I remember years ago (my memory still not zeroed out completely ;), we had an Placement trait RFC. This would have solved this problem to some degree.

The safest choice is to simply stick with a Vec<u8> and wrap that in a Zeroize struct.

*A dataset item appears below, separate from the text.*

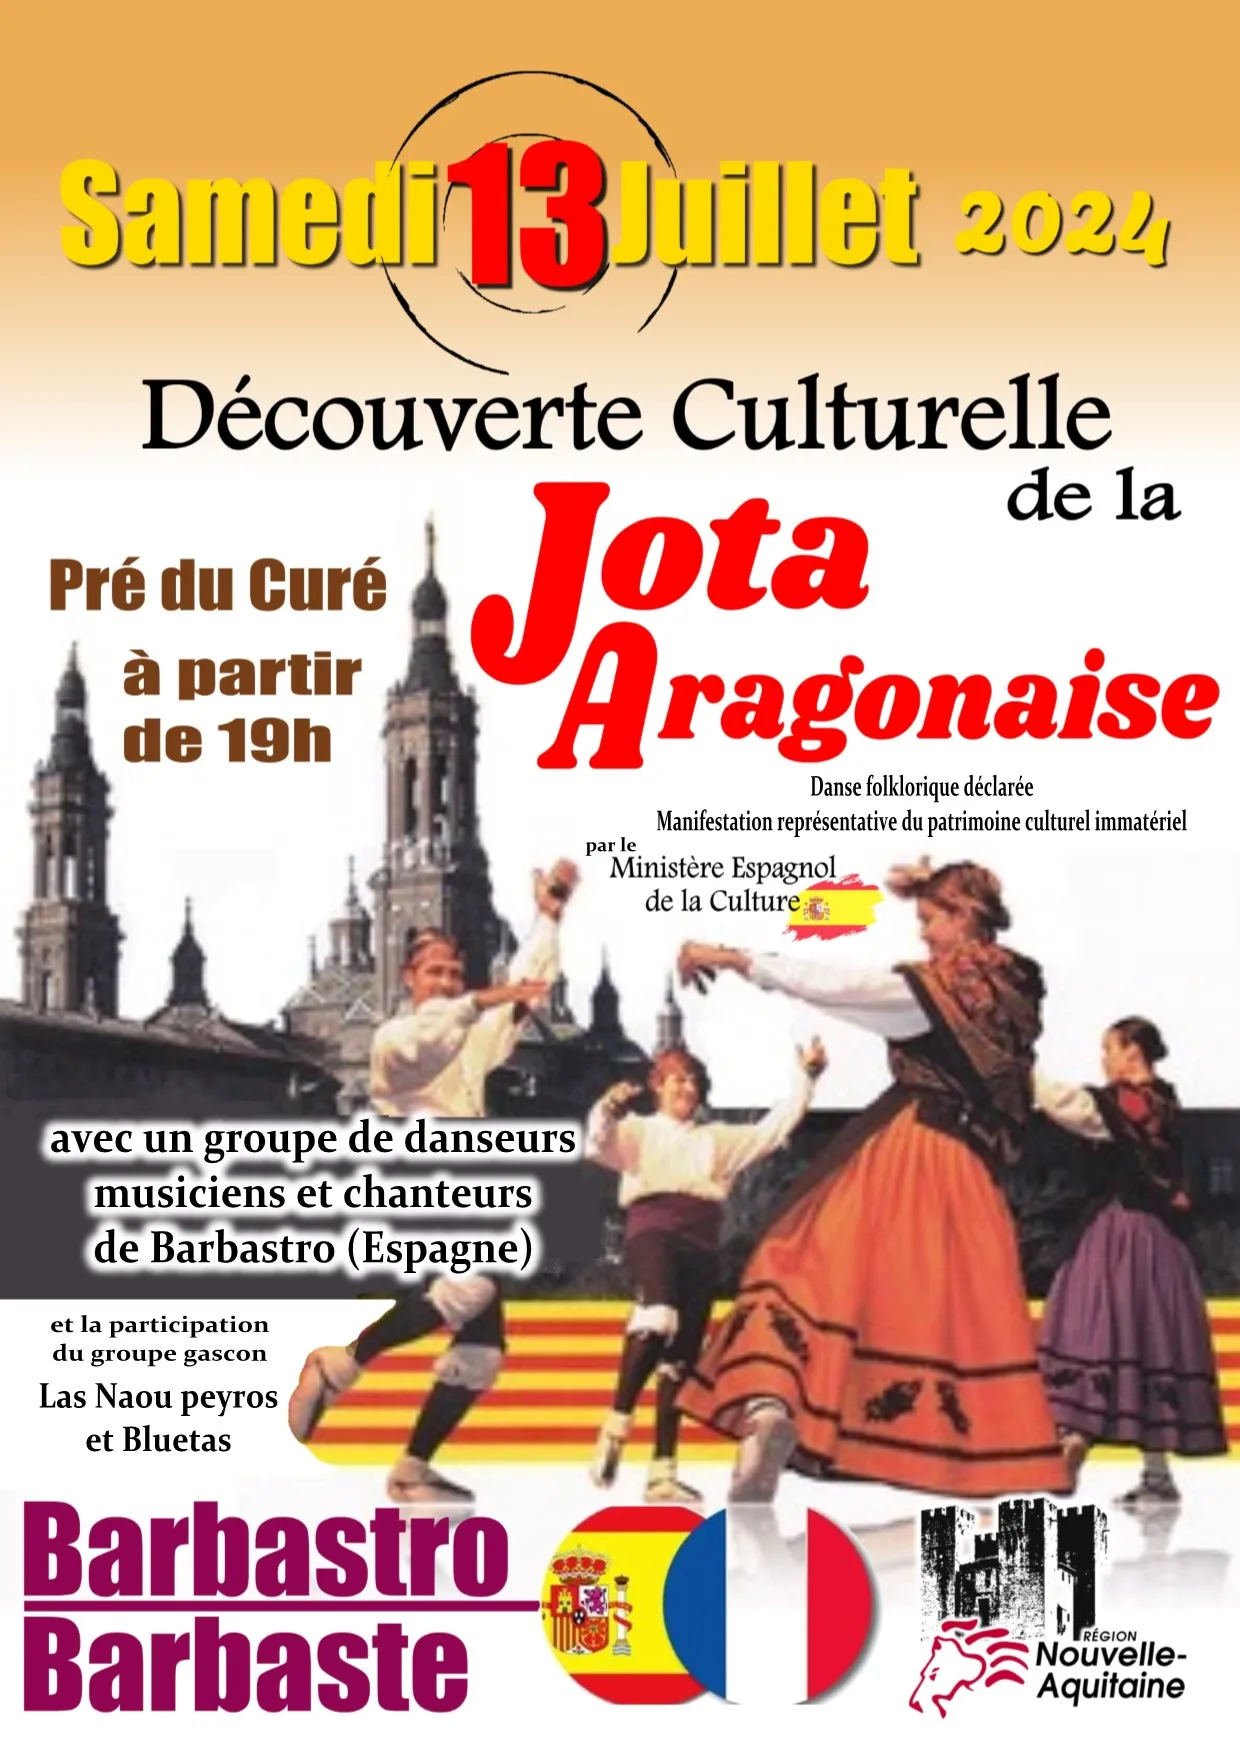 Image qui illustre: Découverte culturelle de la Jota Aragonaise à Barbaste - 0
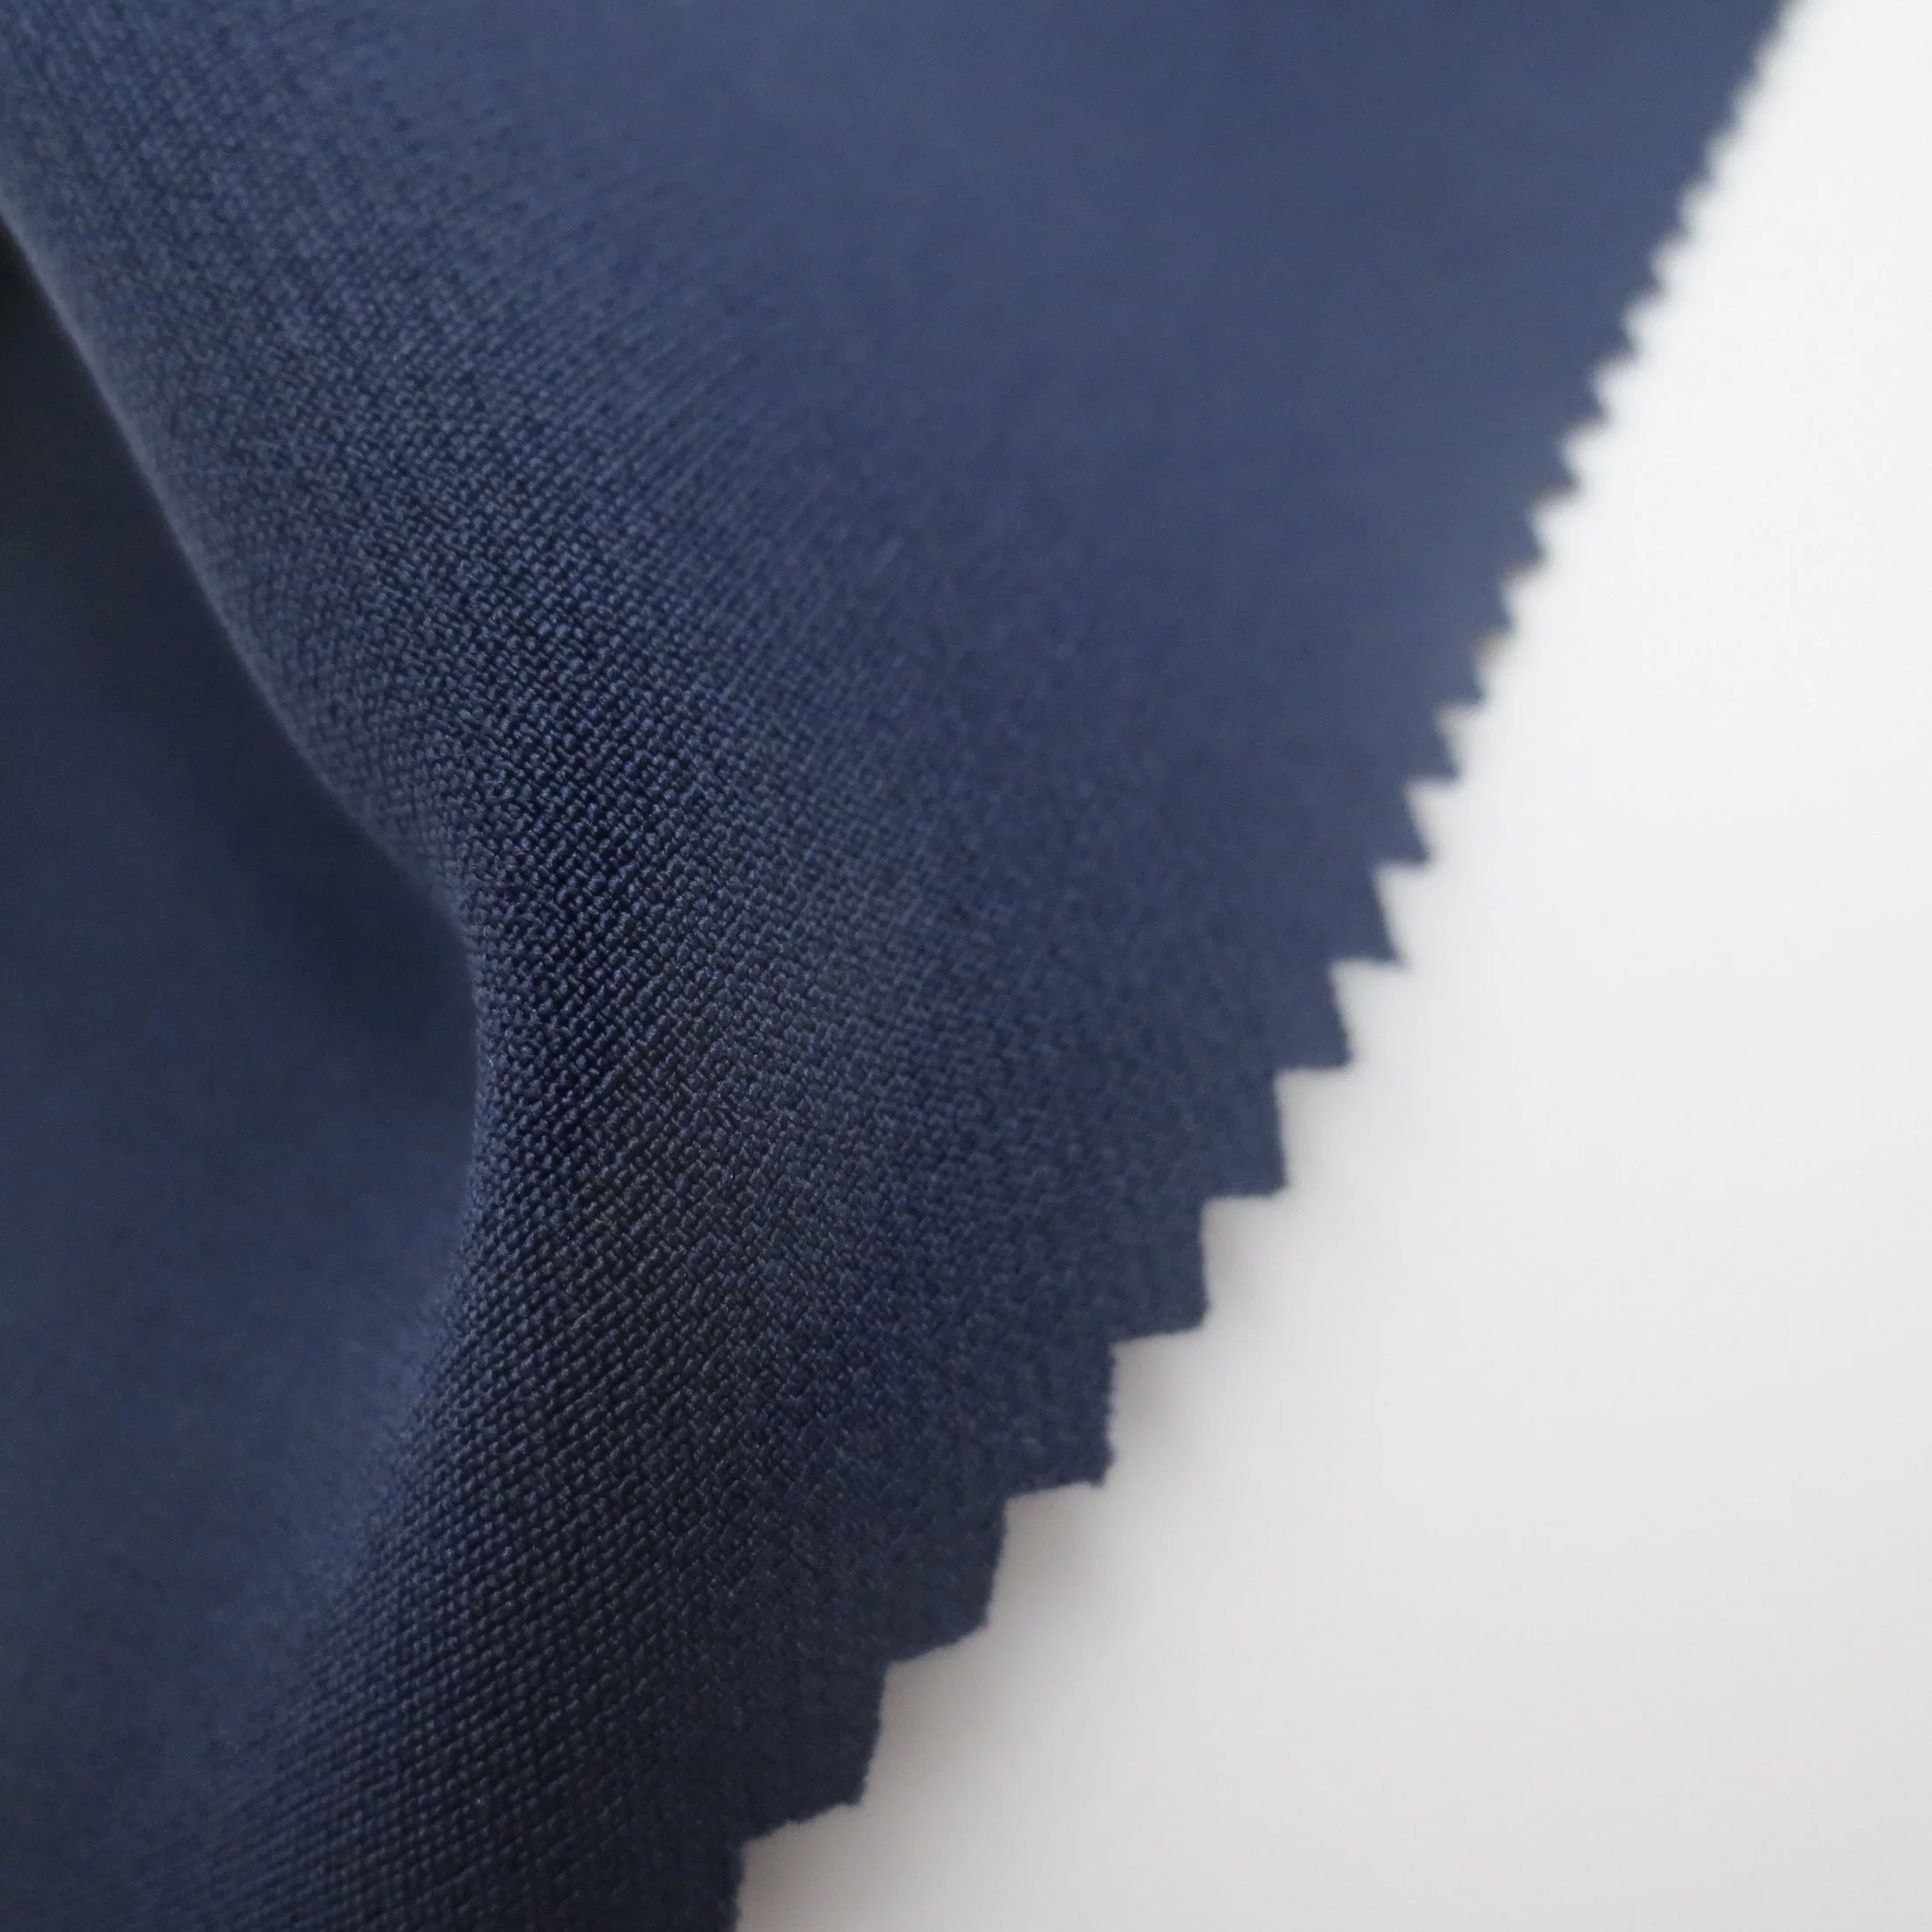 Tissu recyclé en jacquard imperméable extensible en polyester/nylon/spandex tissé pour manteau, veste et uniforme

You can verify yourself by running this program:

struct S(usize);

impl S {
    fn new() -> Self {
        Self(42)
    }
}

impl Drop for S {
    fn drop(&mut self) {
        println!("drop");
        unsafe{ ::std::ptr::write_volatile(&mut self.0, 0) };
    }
}

struct Pointers {
    a_ptr: *const S,
    b_ptr: *const S,
}

fn test() -> Pointers {
    let a = S::new();
    let a_ptr: *const S = &a;
    println!("&a = {:p}", a_ptr);

    let b = a; // moved here
    let b_ptr: *const S = &b;
    println!("&b = {:p}", b_ptr);

    println!("*a = {}", unsafe { (*a_ptr).0 });
    println!("*b = {}", unsafe { (*b_ptr).0 });

    Pointers { a_ptr, b_ptr }
}

fn main() {
    let Pointers { a_ptr, b_ptr } = test();
    let a = unsafe { (*a_ptr).0 };
    let b = unsafe { (*b_ptr).0 };

    println!("*a = {}", a);
    println!("*b = {}", b);
}

On my machine (FreeBSD), this outputs:

&a = 0x7fffffffdfd8
&b = 0x7fffffffe030
*a = 42
*b = 42
drop
*a = 42
*b = 0

Look at the last two lines, *a = 42 and *b = 0. Here, a is not zeroed out.